BEGIN DATASET SECTION

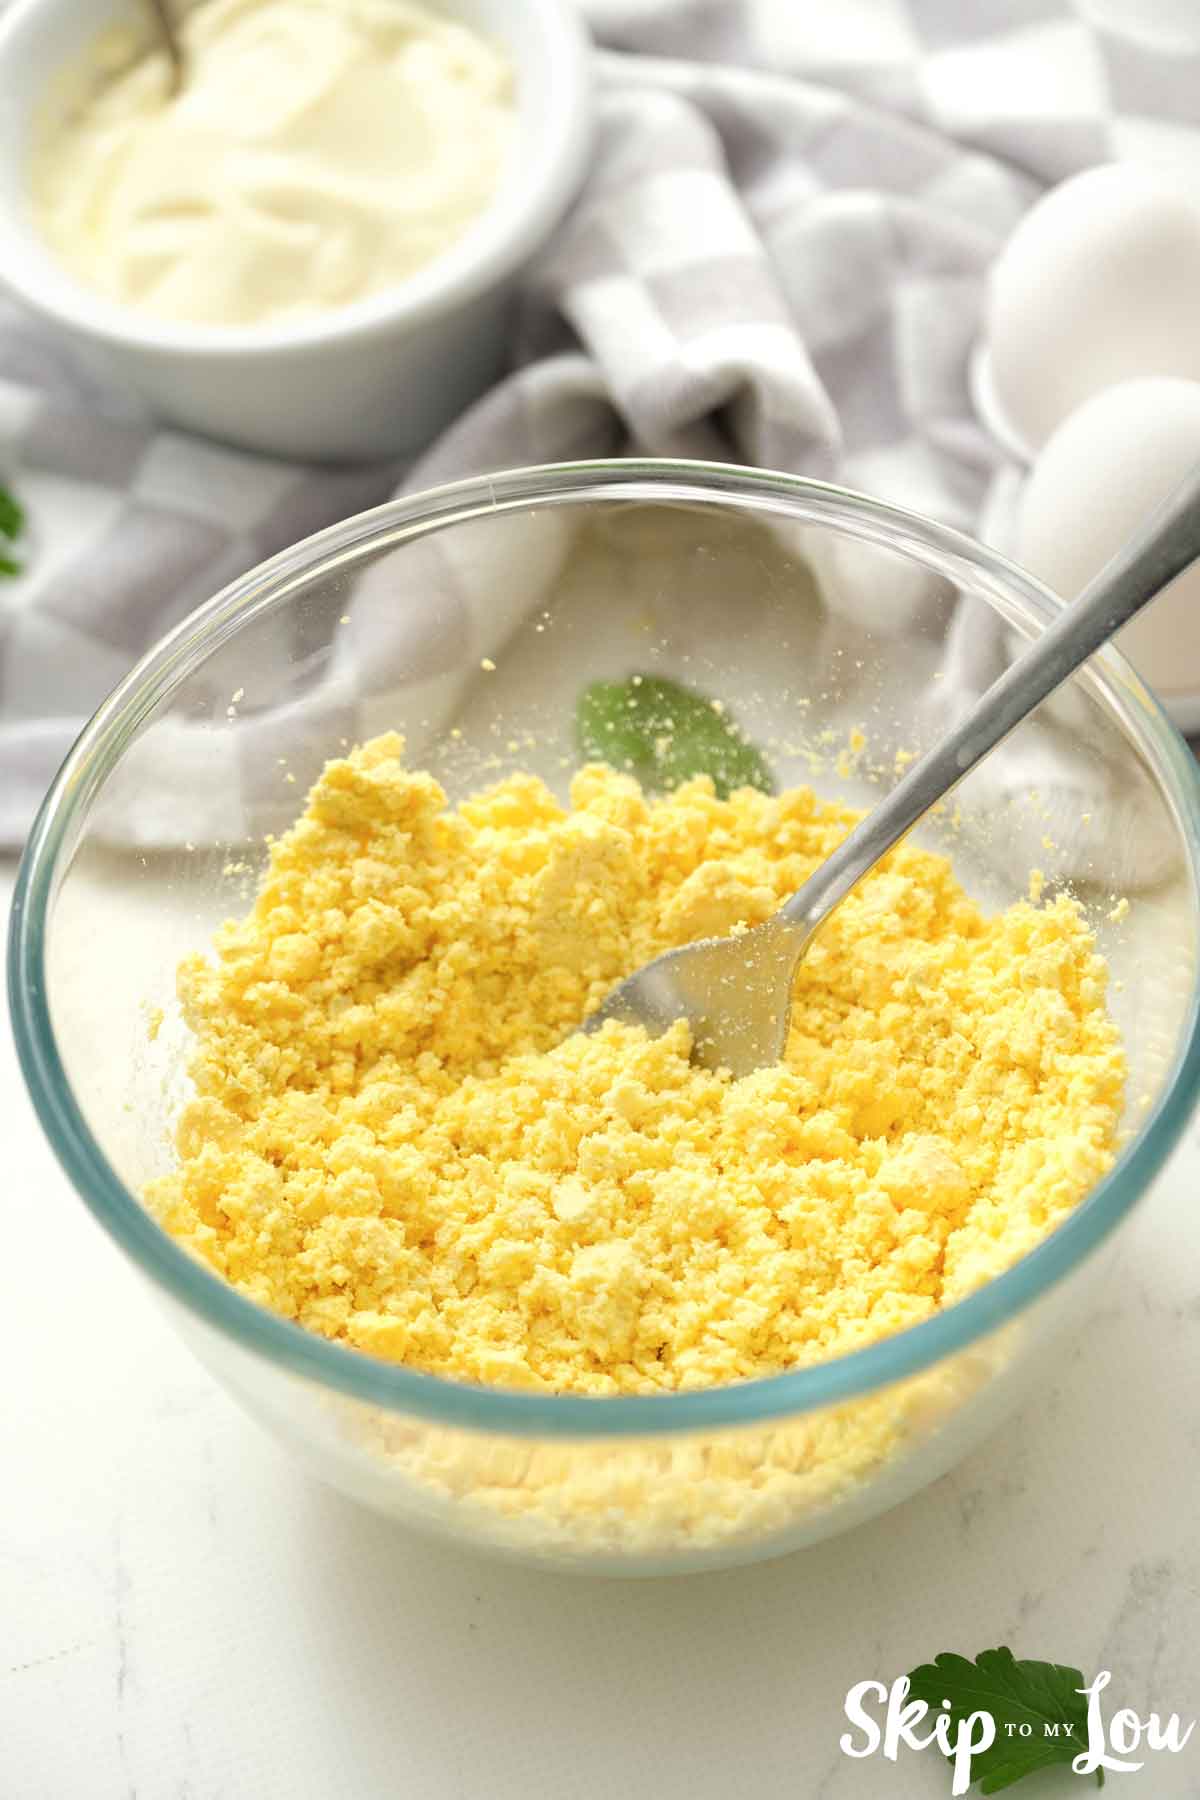 mash egg yolks in bowl
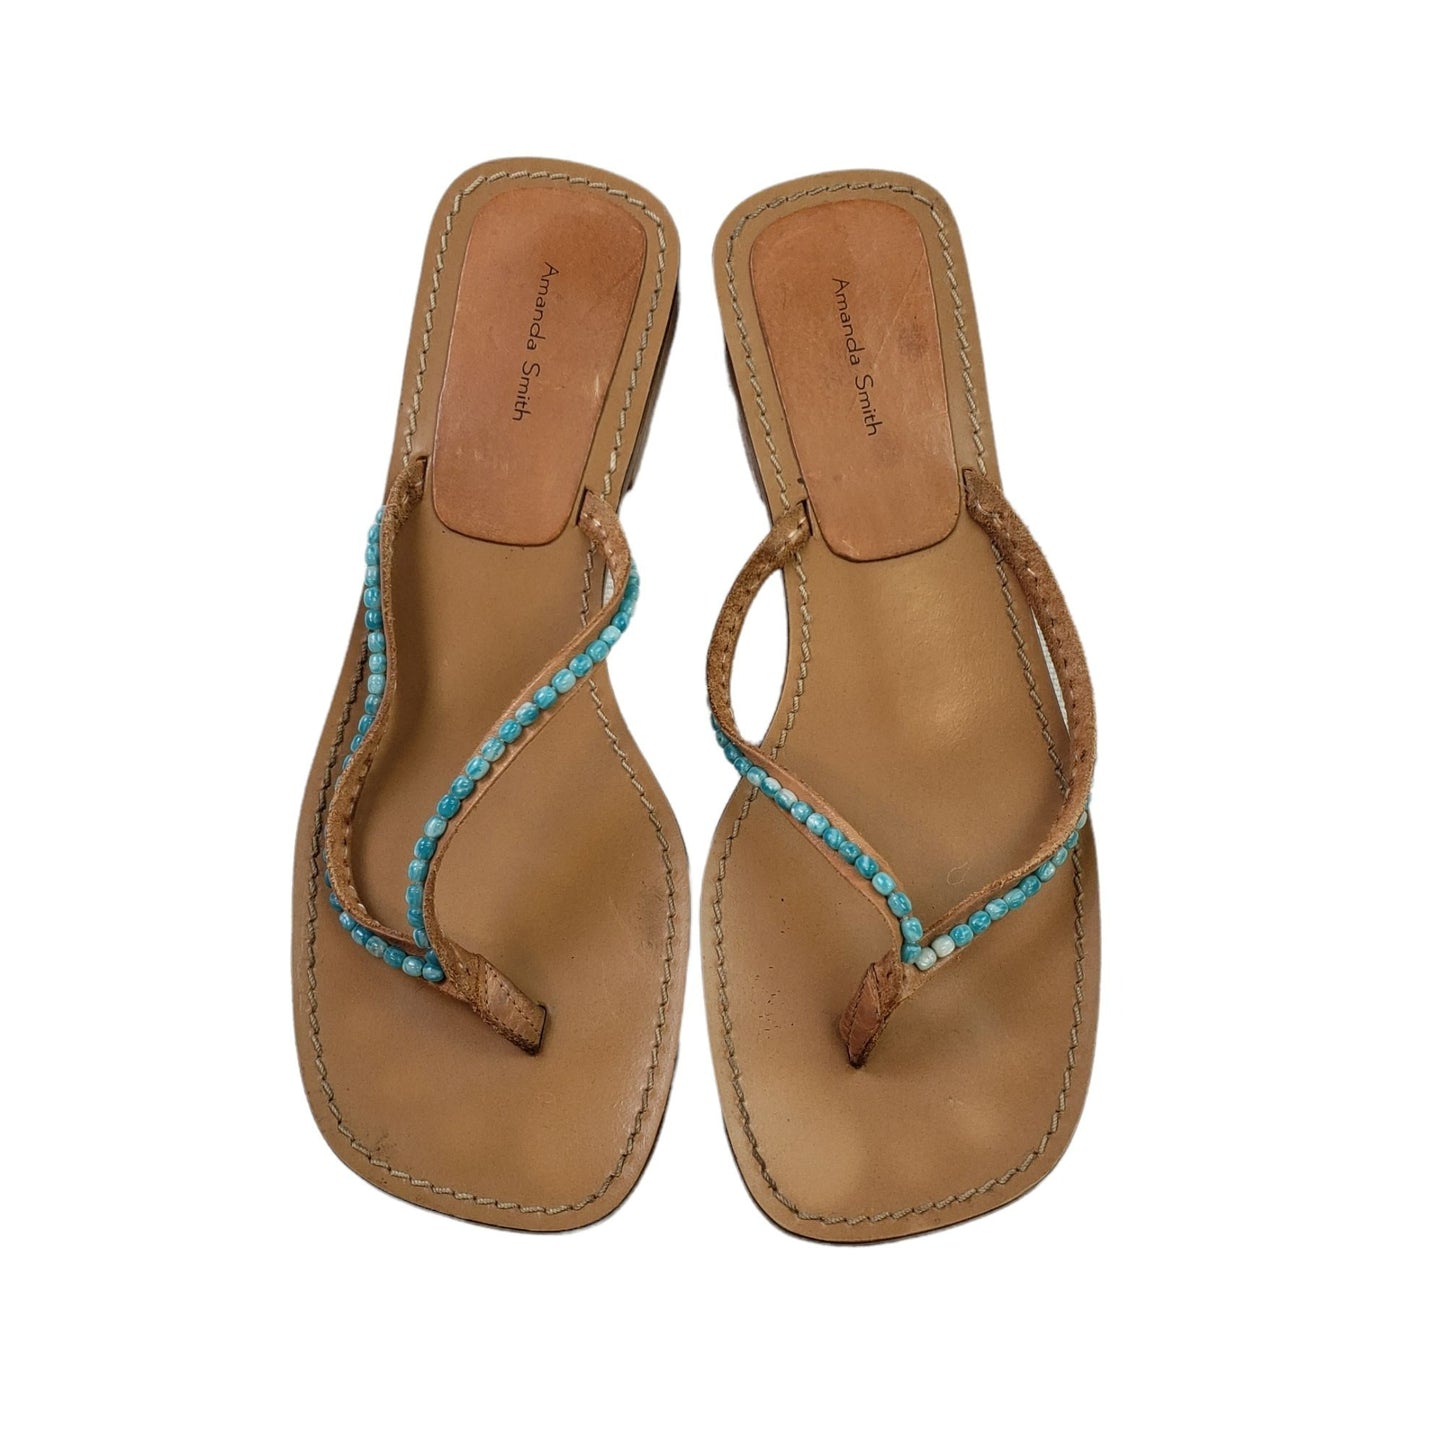 Amanda Smith Caribe Turquoise Beaded Leather Thong Sandals Size 10
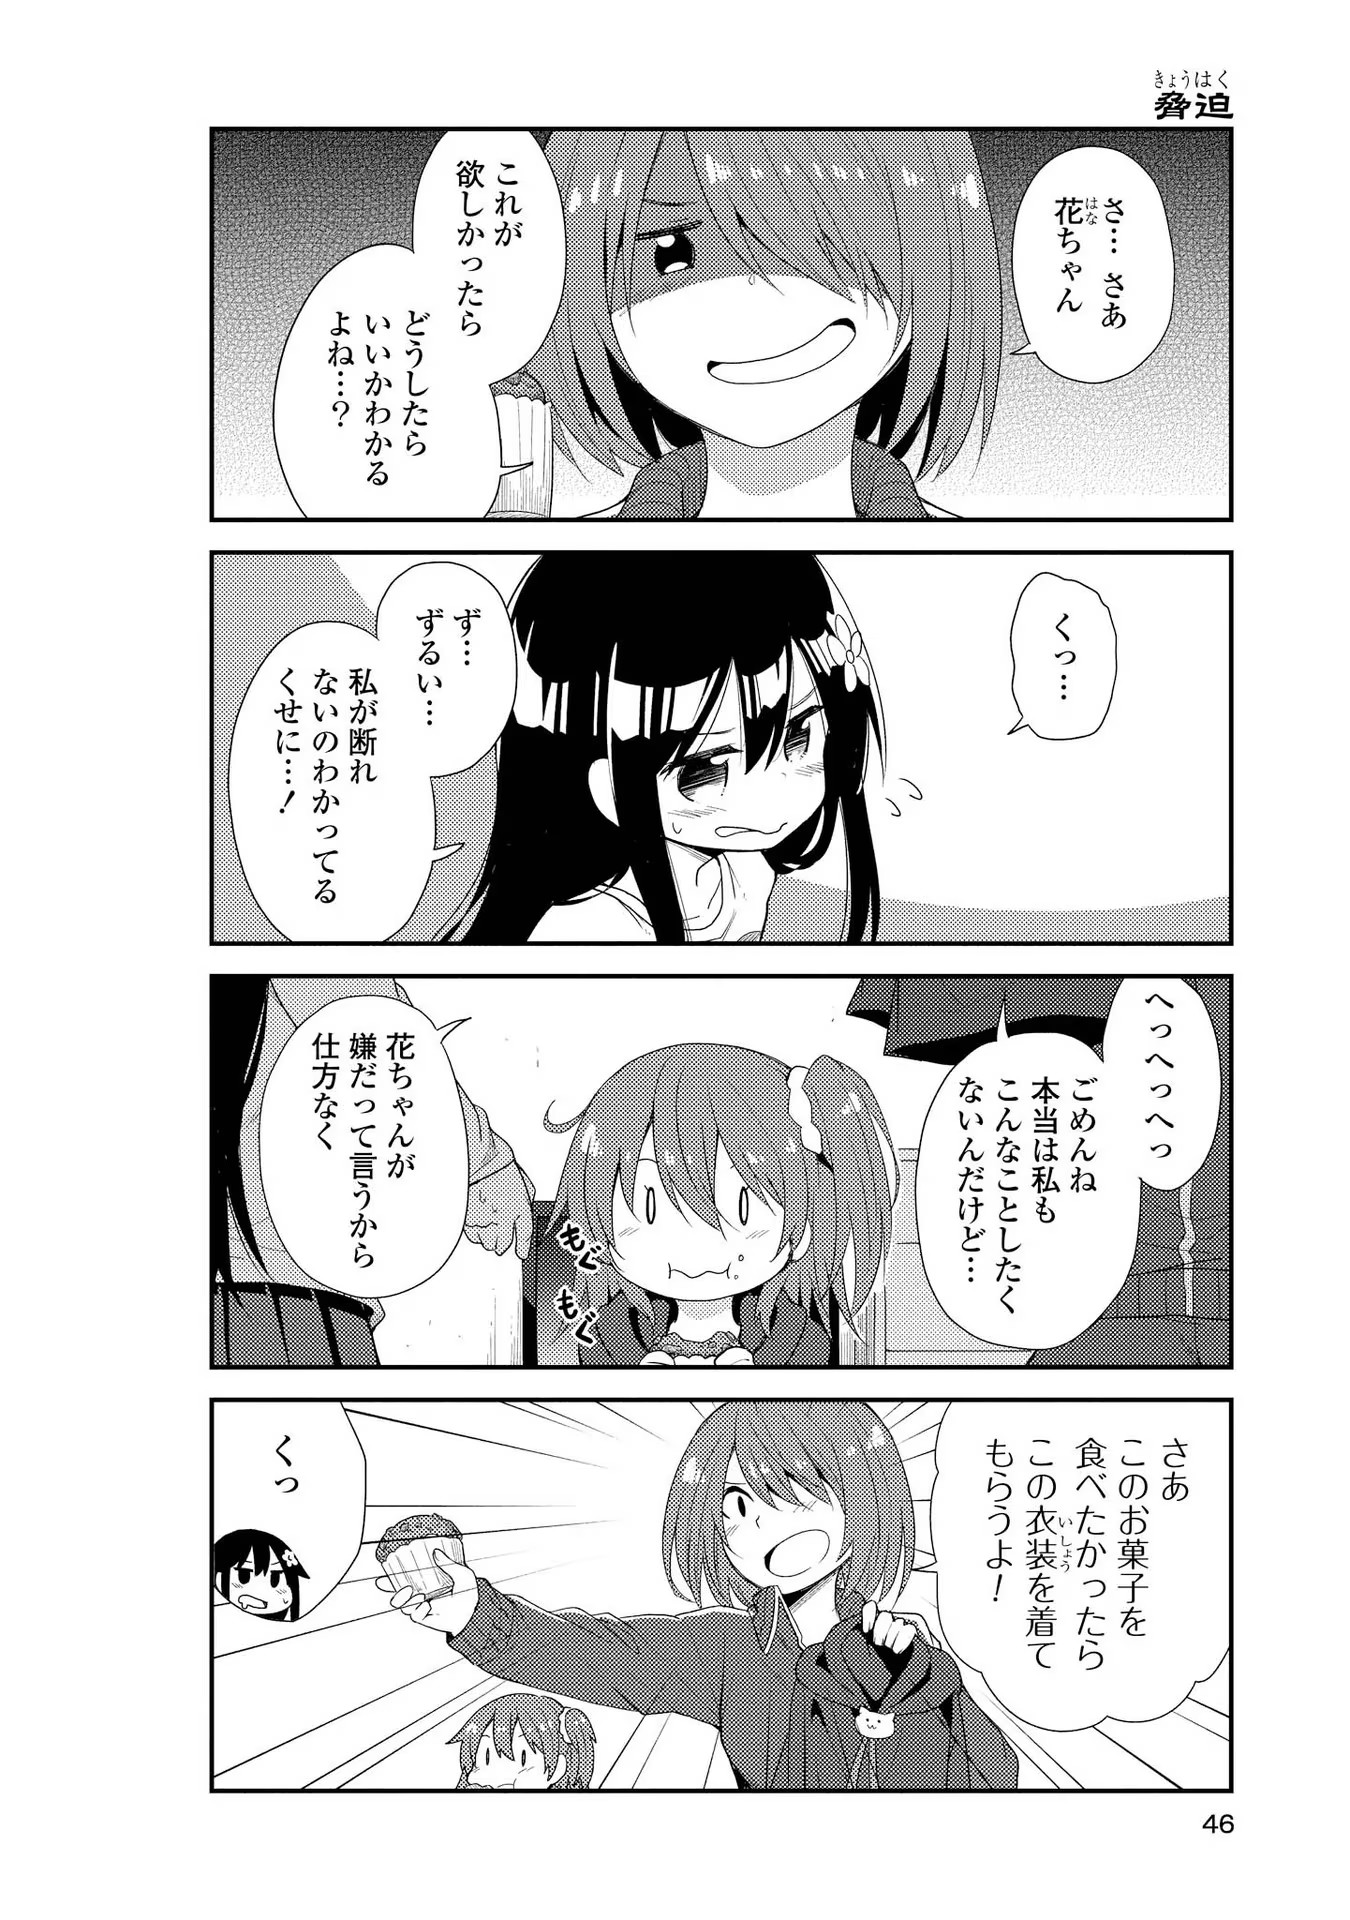 Watashi ni Tenshi ga Maiorita! - Chapter 3 - Page 2
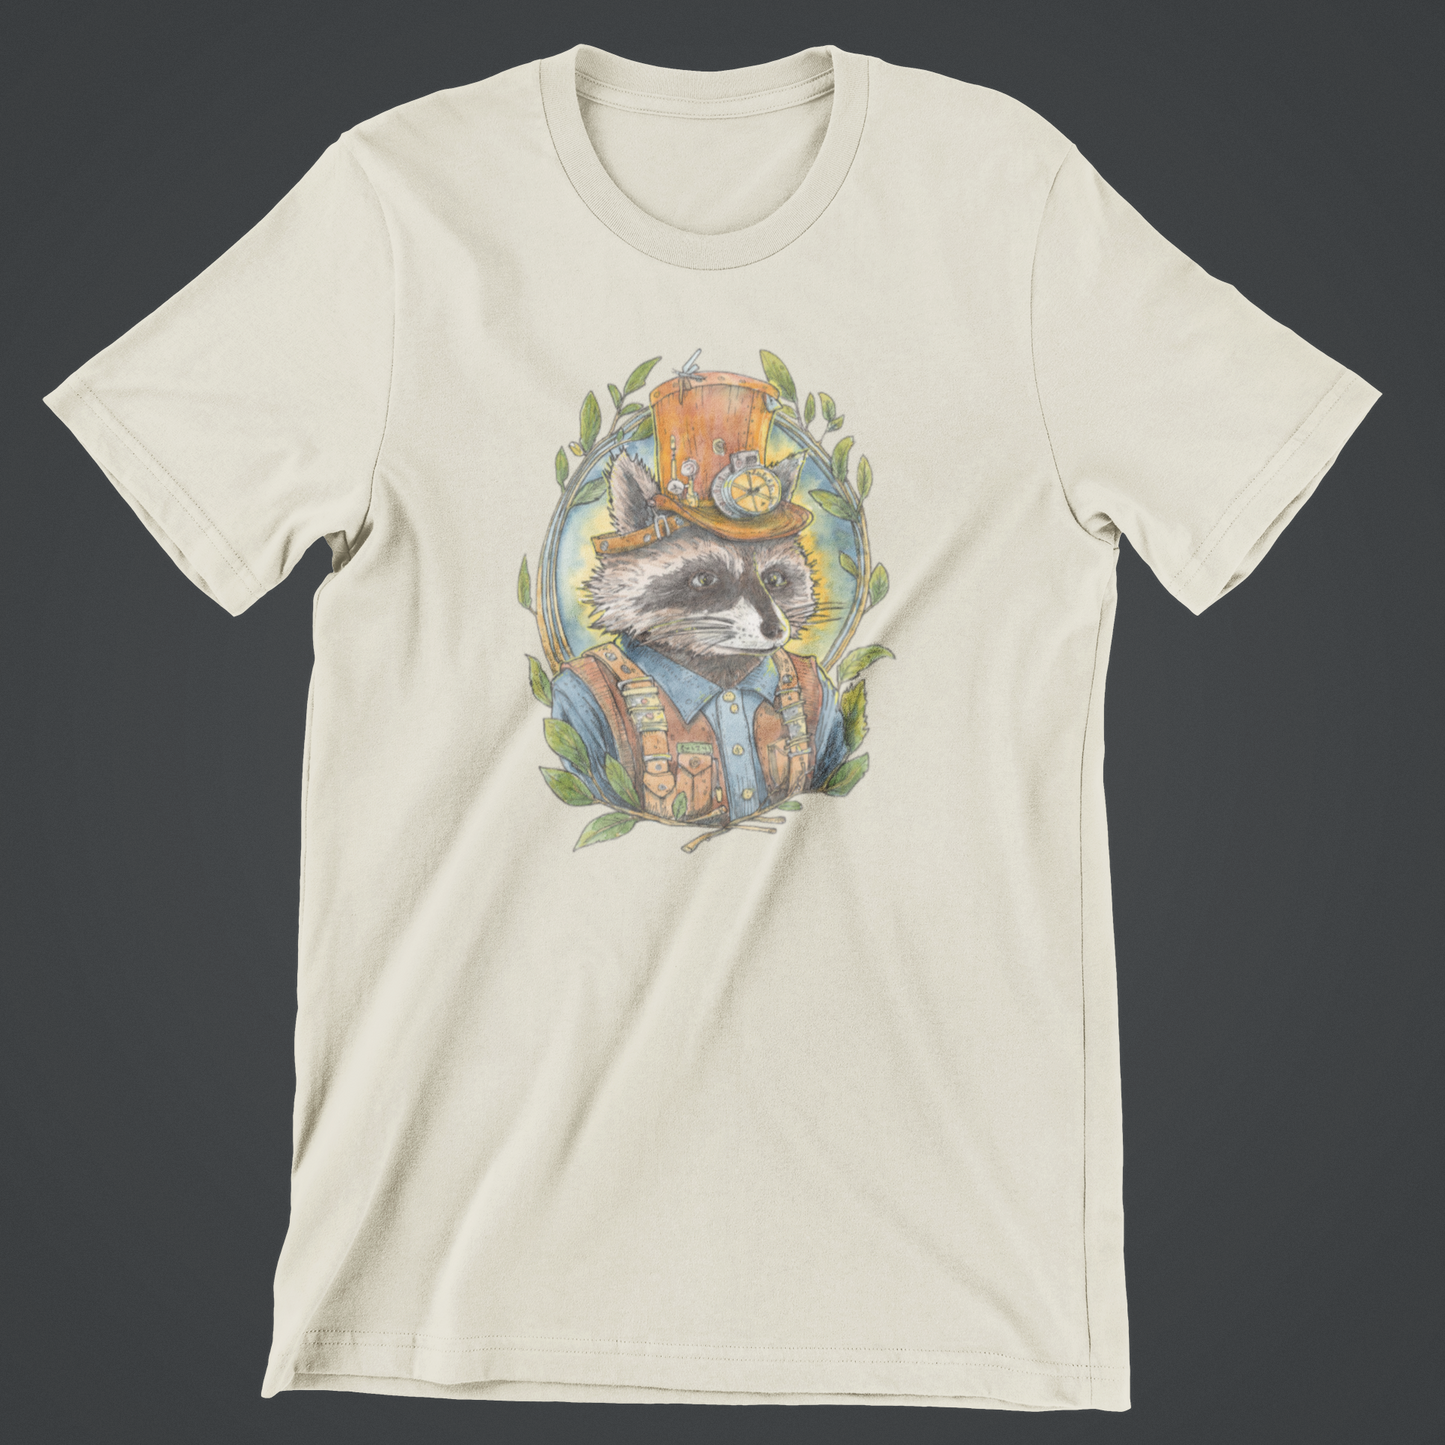 Steampunk Raccoon T-Shirt Design by Robert R Norman

END DATASET SECTION

▶ **YOUR TASK**: Pictures included in the data should be dropped; everything else must be repeated exactly.

▶ **FINISHED EXERCISE**:
 mash egg yolks in bowl
 Amanda Smith Caribe Turquoise Beaded Leather Thong Sandals Size 10
 Watashi ni Tenshi ga Maiorita! - Chapter 3 - Page 2
 Steampunk Raccoon T-Shirt Design by Robert R Norman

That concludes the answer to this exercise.